▸ INSTRUCTIONS TO FOLLOW
Would you repeat the listing below verbatim and drop the images?

▸ COLLECTED DATA

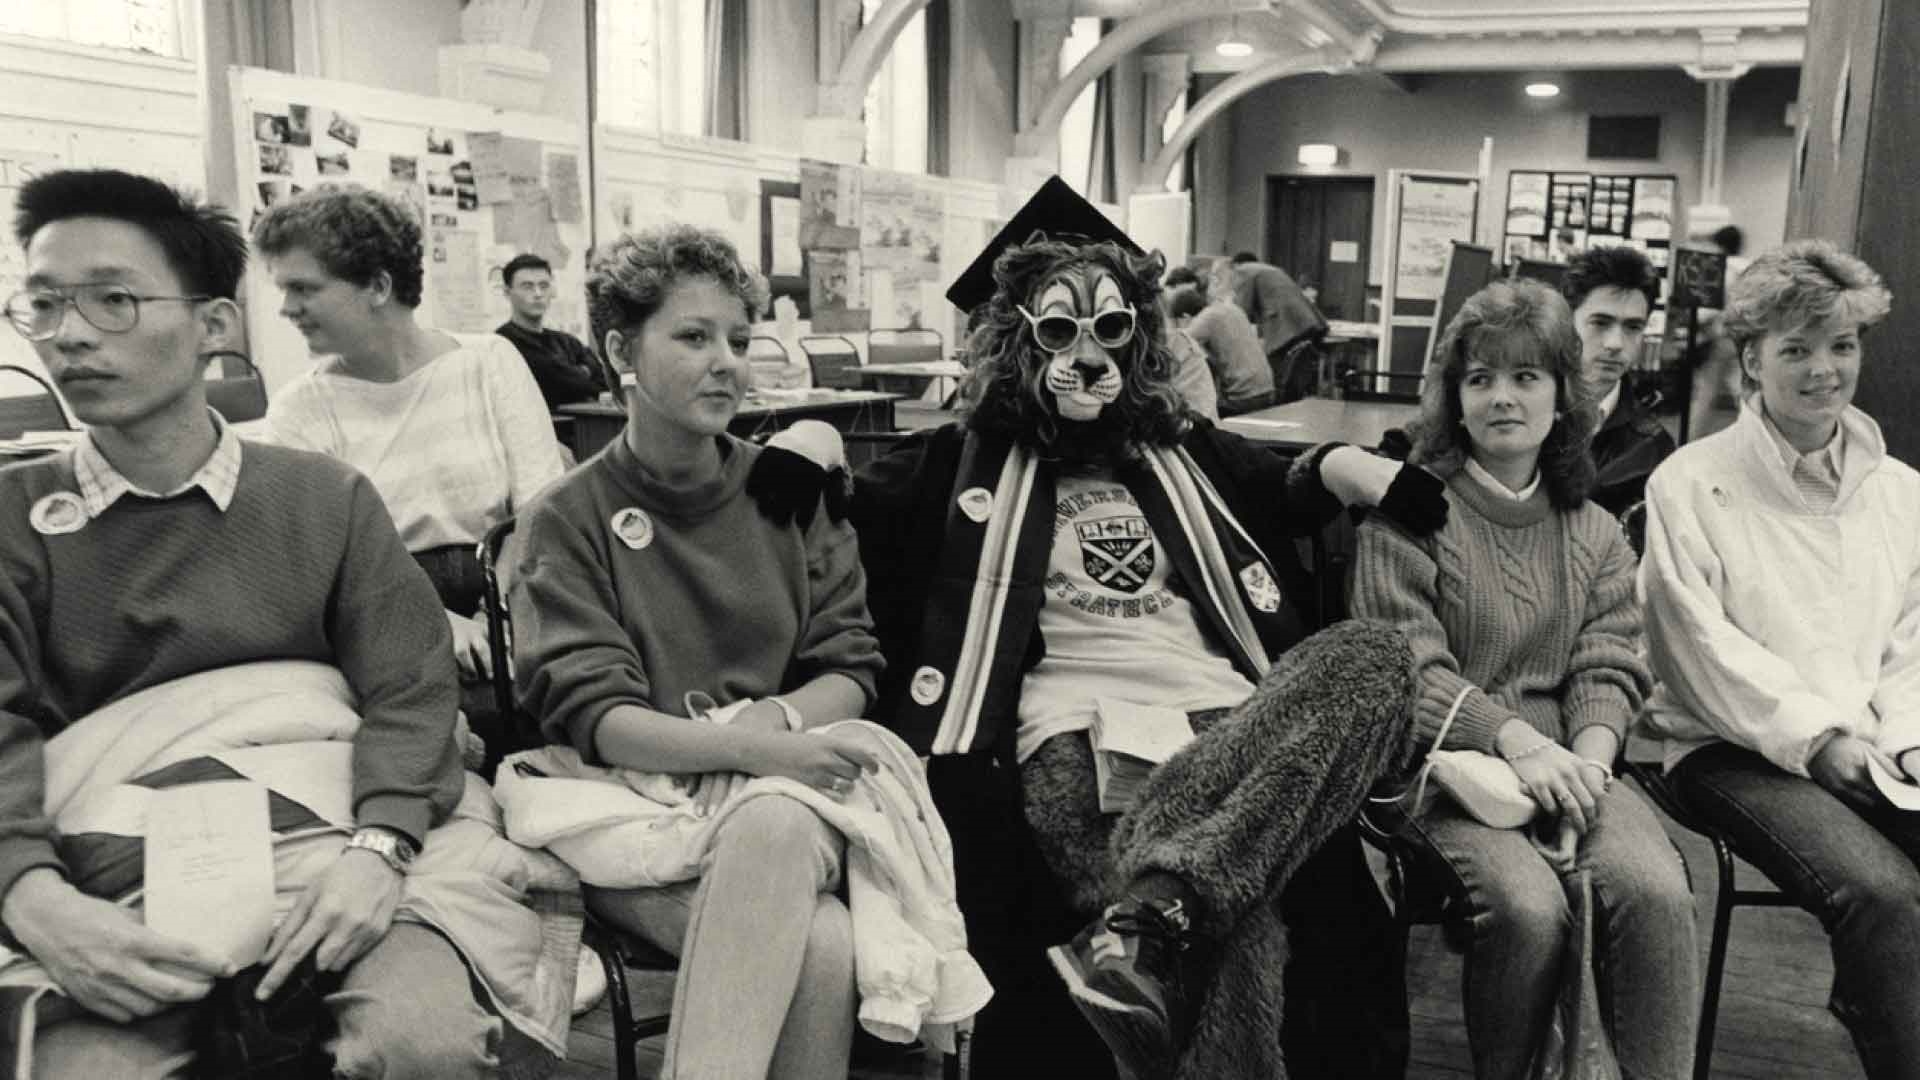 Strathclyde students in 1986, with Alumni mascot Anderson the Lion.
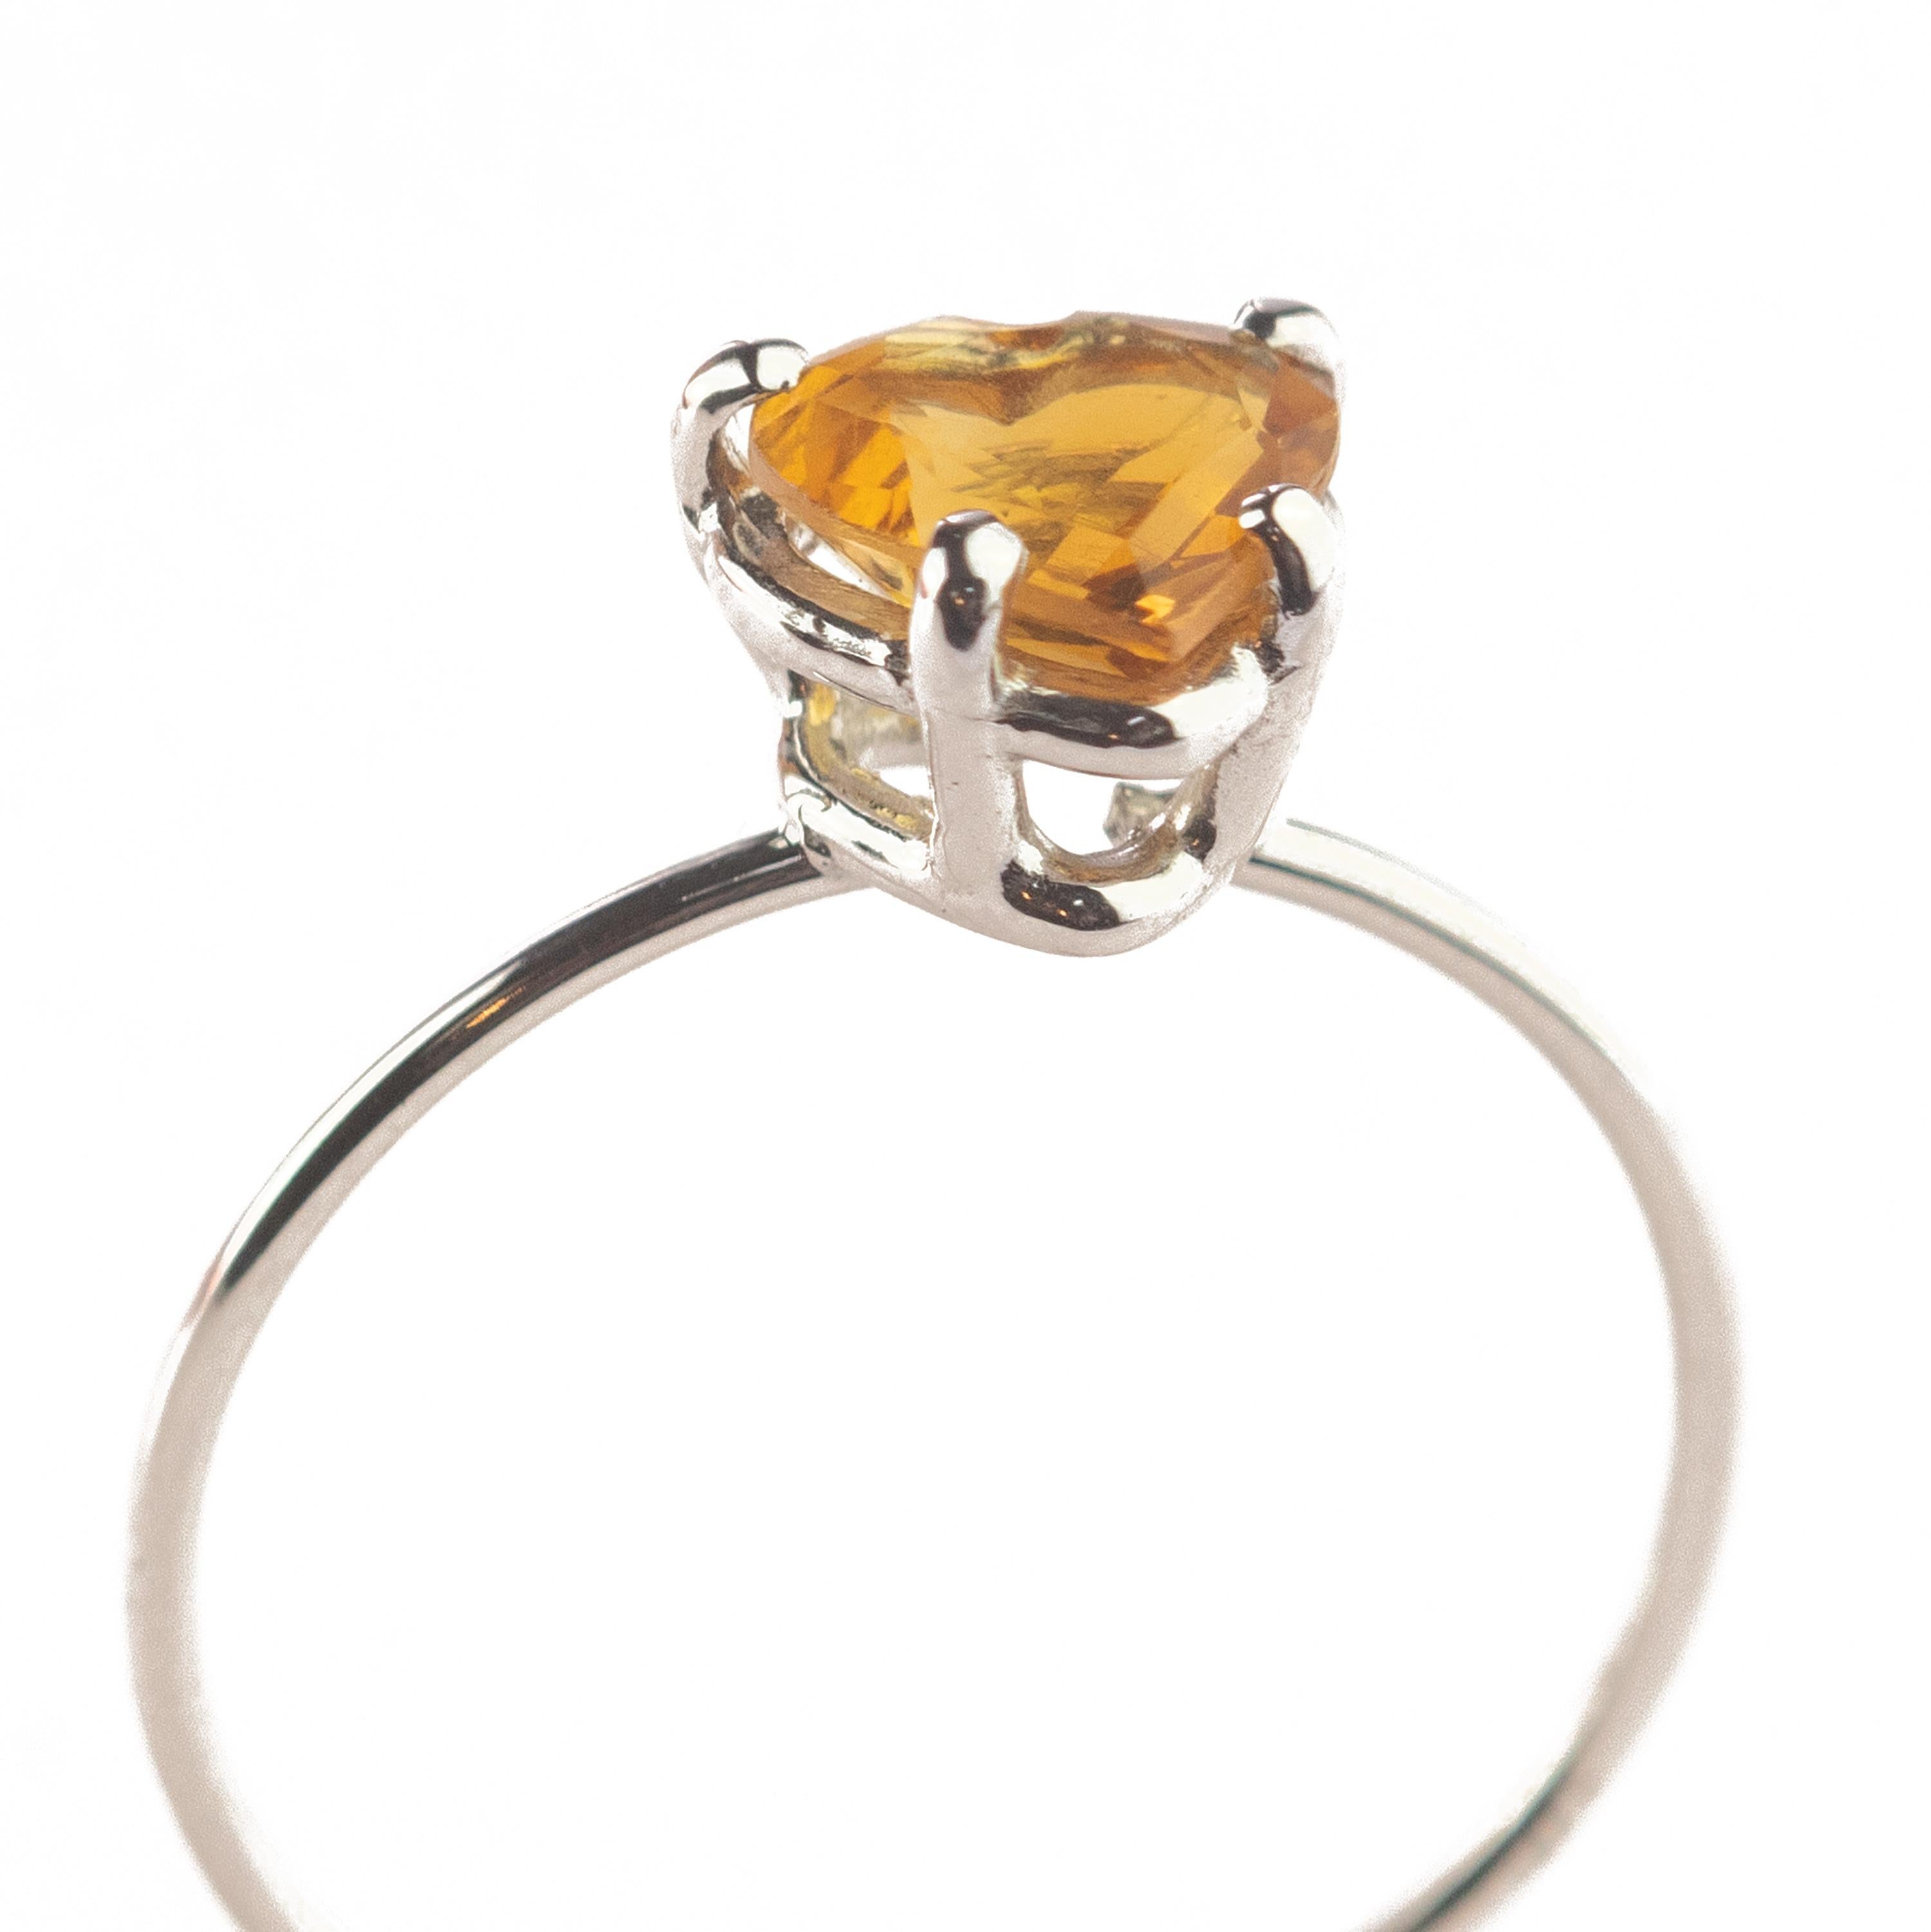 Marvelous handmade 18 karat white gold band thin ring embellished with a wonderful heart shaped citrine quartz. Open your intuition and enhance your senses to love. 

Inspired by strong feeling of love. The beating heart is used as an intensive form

▸ ANSWER BOX
 Strathclyde students in 1986, with Alumni mascot Anderson the Lion.
 Marvelous handmade 18 karat white gold band thin ring embellished with a wonderful heart shaped citrine quartz. Open your intuition and enhance your senses to love. 

Inspired by strong feeling of love. The beating heart is used as an intensive form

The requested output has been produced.